To determine the mass of silver chloride precipitated from a solution containing calcium chloride, we need to calculate the stoichiometry of the reaction.
The balanced chemical equation for the reaction between calcium chloride (CaCl2) and silver nitrate (AgNO3) is:
CaCl2 + 2AgNO3 → 2AgCl + Ca(NO3)2
From the equation, we can see that for every 1 mole of calcium chloride, 2 moles of silver chloride are produced.
Step 1: Calculate the number of moles of calcium chloride (CaCl2):
Given: Mass of calcium chloride = 1.50 g
Molar mass of CaCl2 = 40.08 g/mol + (2 × 35.45 g/mol) = 110.98 g/mol
Number of moles = Mass / Molar mass = 1.50 g / 110.98 g/mol ≈ 0.0135 mol
Step 2: Calculate the mass of silver chloride (AgCl) produced:
From the stoichiometry of the reaction, we know that 2 moles of AgCl are produced for every 1 mole of CaCl2.
So, the molar ratio of AgCl to CaCl2 is 2:1.
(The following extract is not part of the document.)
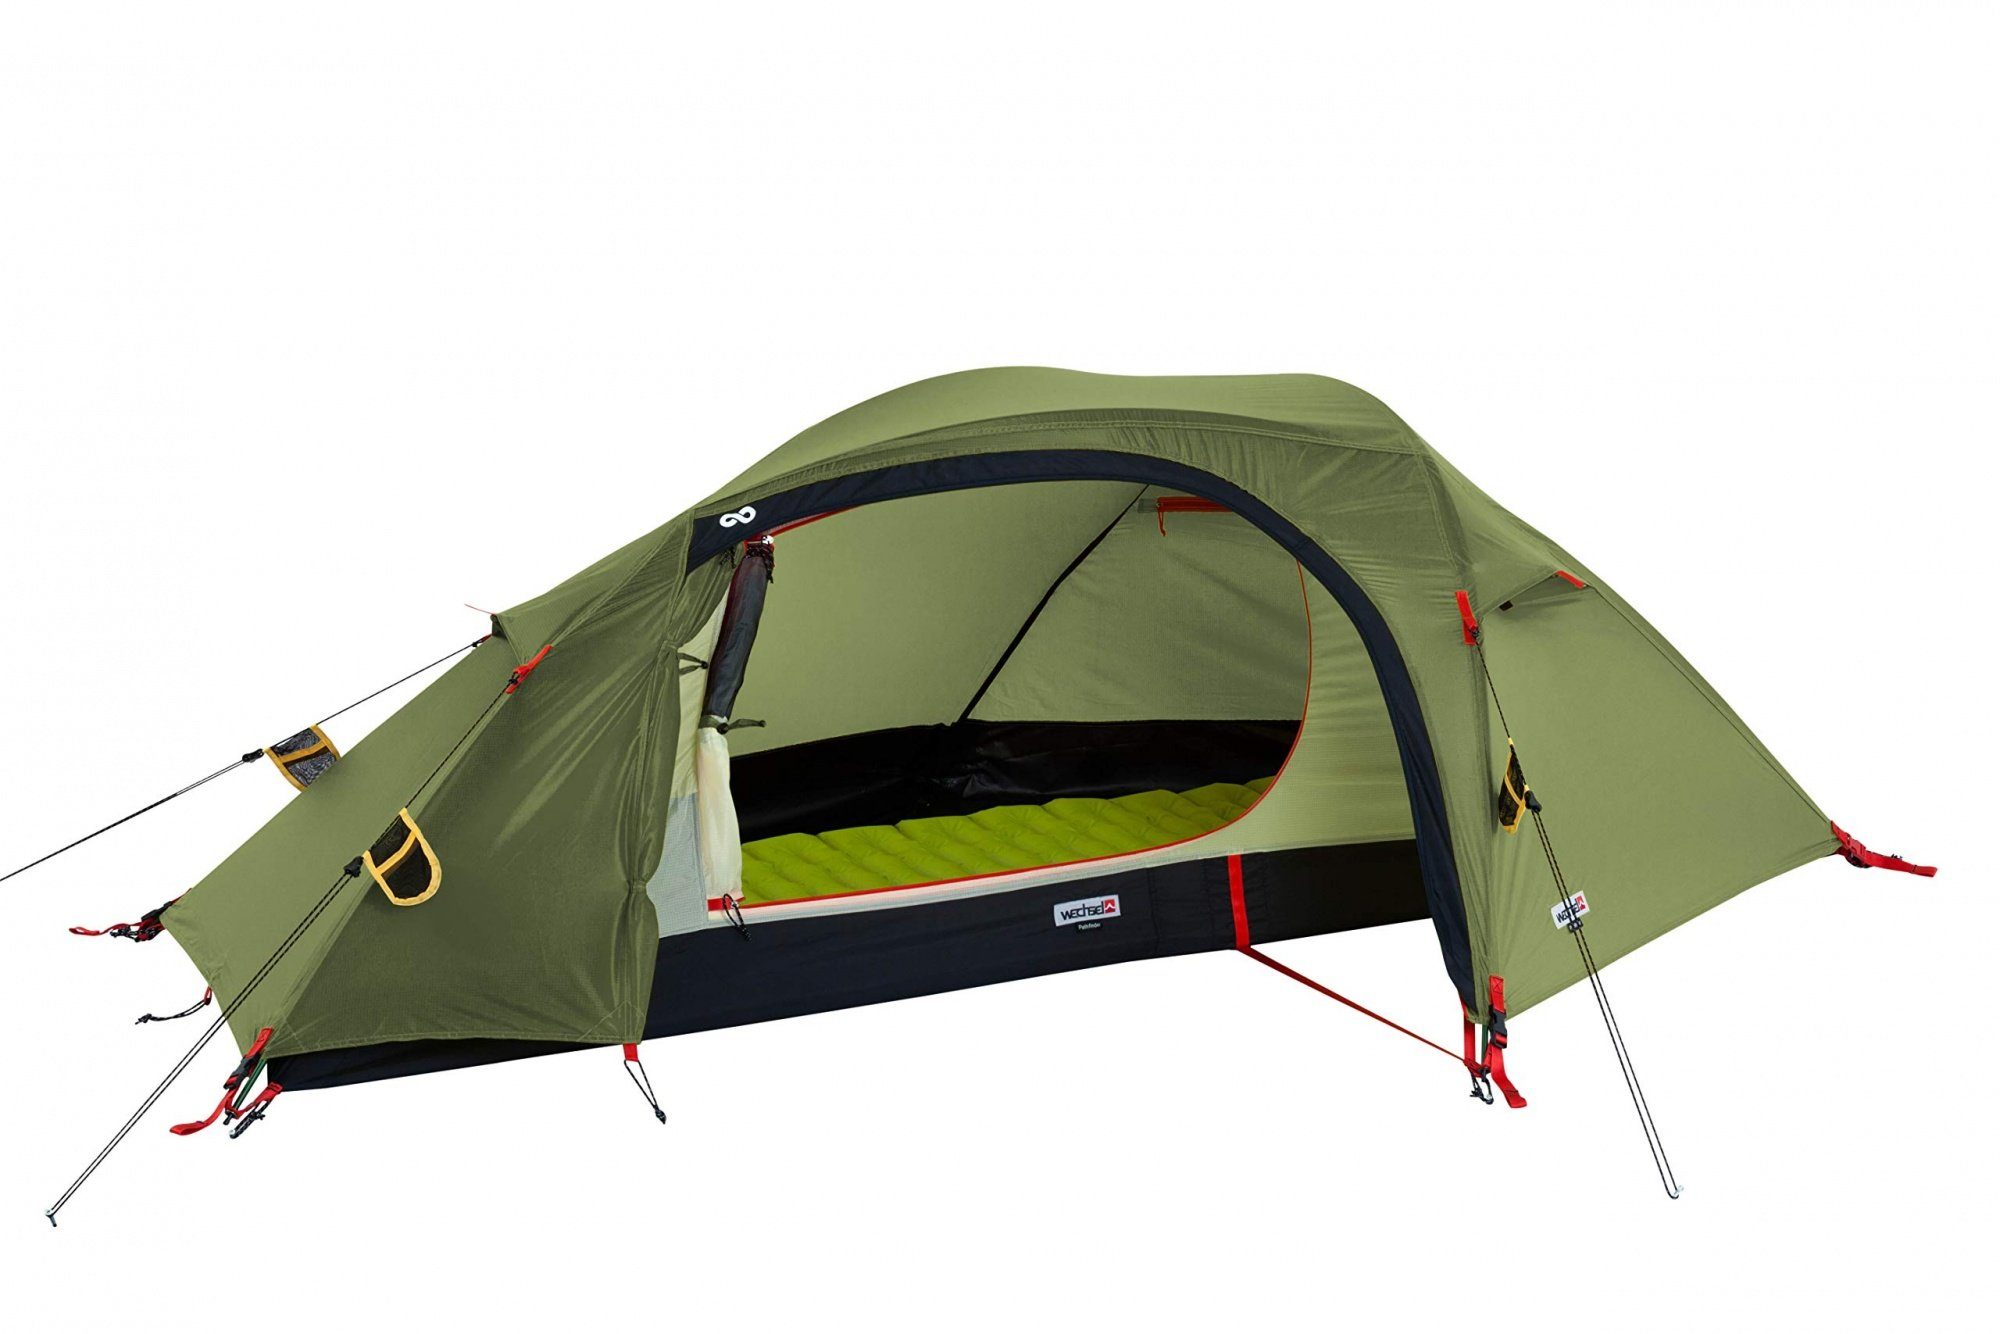 - 1 - 1-Personen Tents Wechsel Pathfinder Line Unlimited Zelt, Kuppelzelt Geodät Personen:

Mass of AgCl = Number of moles of CaCl2 × Molar mass of AgCl
Number of moles of AgCl = 2 × Number of moles of CaCl2 = 2 × 0.0135 mol = 0.0270 mol
Molar mass of AgCl = 107.87 g/mol
Mass of AgCl = 0.0270 mol × 107.87 g/mol ≈ 2.92 g
Therefore, approximately 2.92 grams of silver chloride (AgCl) will precipitate from the solution containing 1.50 grams of calcium chloride (CaCl2).